Thursday, 4 January 2007

Year End's Summary




I am sorry for this belated summary on 2006, the year we’ve gone through. Technical errors of the net is my excuse. Well, what is my 2006 like? I consider a year of no change as a meaningless time, so it is good for me that I have undertaken a lot of changes in 2006.

Love breakdown: one

Marriage proposal: one

Business failures/bankruptcy: three or more (and that’s all right, because all the failures were eye-openers)

Disputes, debates: uncountable, as usual

Defraudation: two. I was the victim.

Street fighting: none (thanks God)

Mindset change: many, as usual (and that’s always good, totally good for me to keep changing)

Most wonderful experience: moments I swung with The Magic Flute. A lot more words is needed to write about these beautiful moments, so I shall refer to it in another blog entry.

New relationships: some are good ones with people from the upper strata.

In the end, may I take this belated occasion to wish you a happy 2007? My trusted friends, after so many ups-and-downs, I still think of you all as angels heaven sent to me. Although I am a blunt cynic as many consider me to be, I am always in your debts. Believe me, I have not said anything good about you just because words can hardly explain my love for you. Thank you all, friends, for what you have done for me. You are my guiding light because even when I fall, I can still think to myself that you are somewhere out in the crowd calling me back. Only with your help I can have peace in my soul.

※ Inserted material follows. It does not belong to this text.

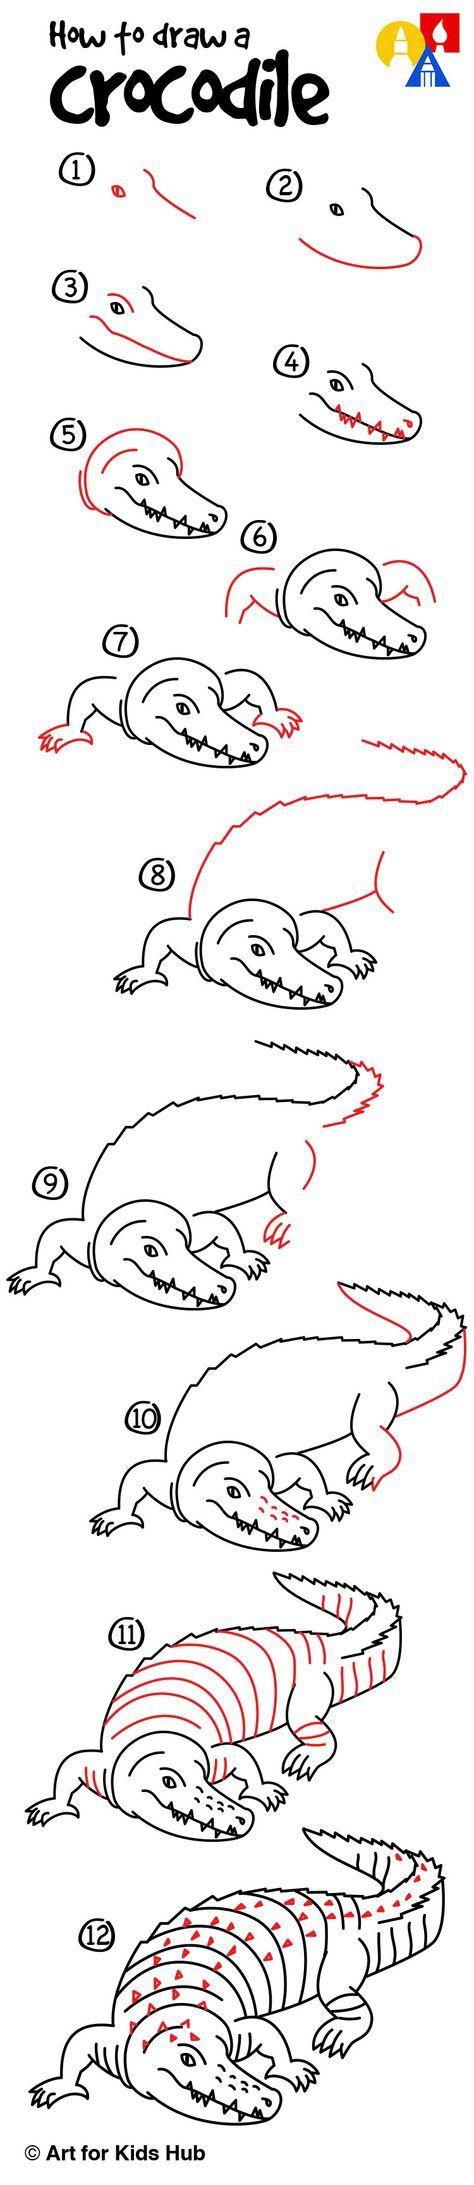 How To Draw A Realistic Crocodile, For Kids! Komodo Dragonsdrawing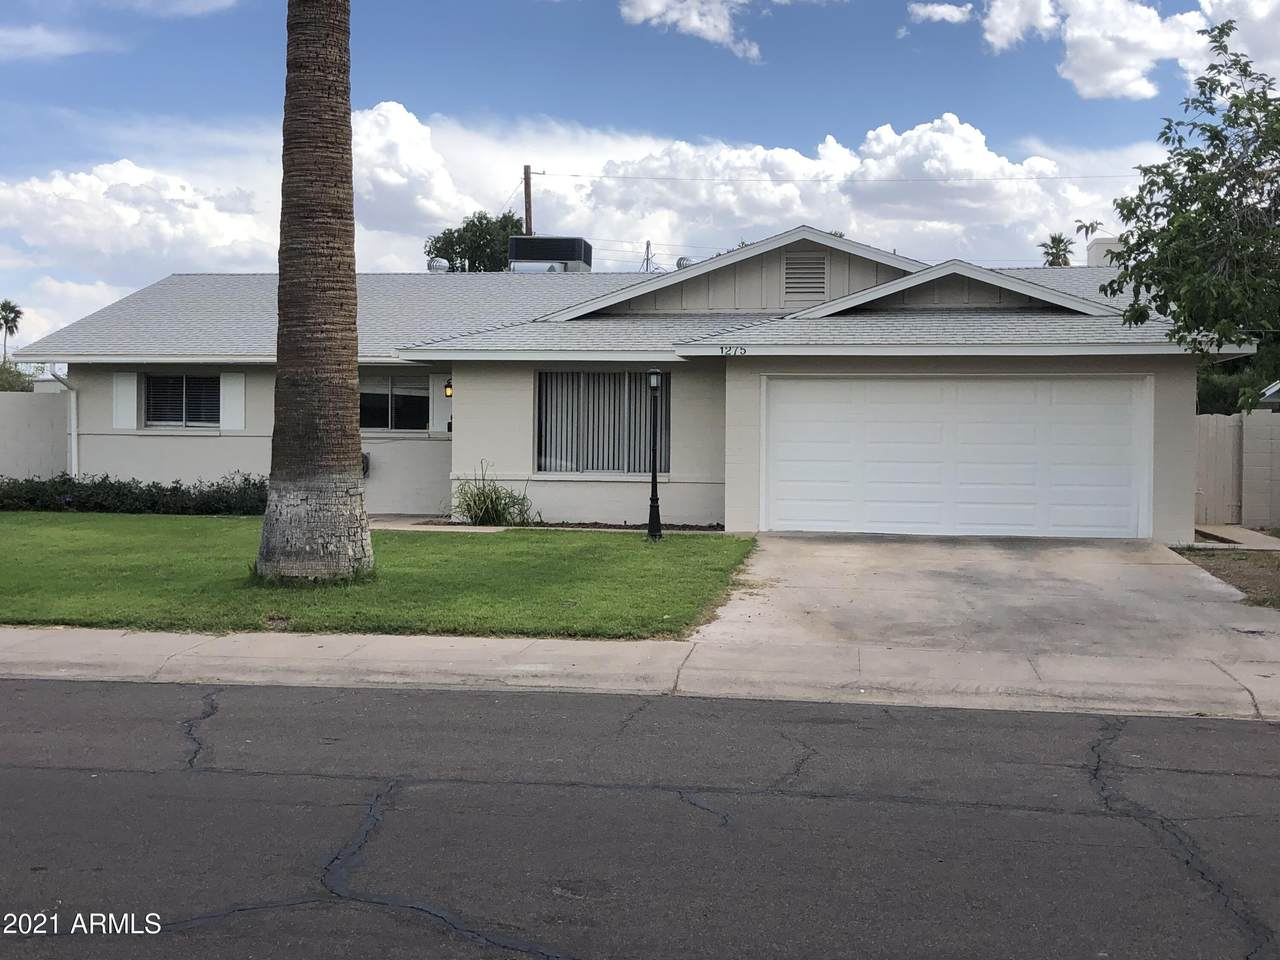 1275 Loma Vista Drive - Photo 1

Like Nguyen Tat Thanh said to his teacher, Professor Remy, in the movie Till We Meet Again, Sai Gon, “France gets beautiful in my eyes because there is you, Sir,” (Nước Pháp đp trong mt em là nh có thy) I would like to say aloud: “Life gets beautiful in my eyes solely because I have you. Although I have never spoken it out, and many times I would prove to be an indifferent person, what I really want to tell you is that when there are you and people like you, how beautiful life is made, and how the life in Vietnam becomes worth living in your presence.”

And, especially for you, my dearest friend, I truly hope that 2007 will bring us luck so that I can see another you and another me who have got out of all the impasses and crises. Even the bravest person on earth needs a shoulder to cry on, and I need yours.

Don’t you comment on this entry please, as I don’t want any blog reader to know who you are. I want to keep you for myself only, my twenty angels.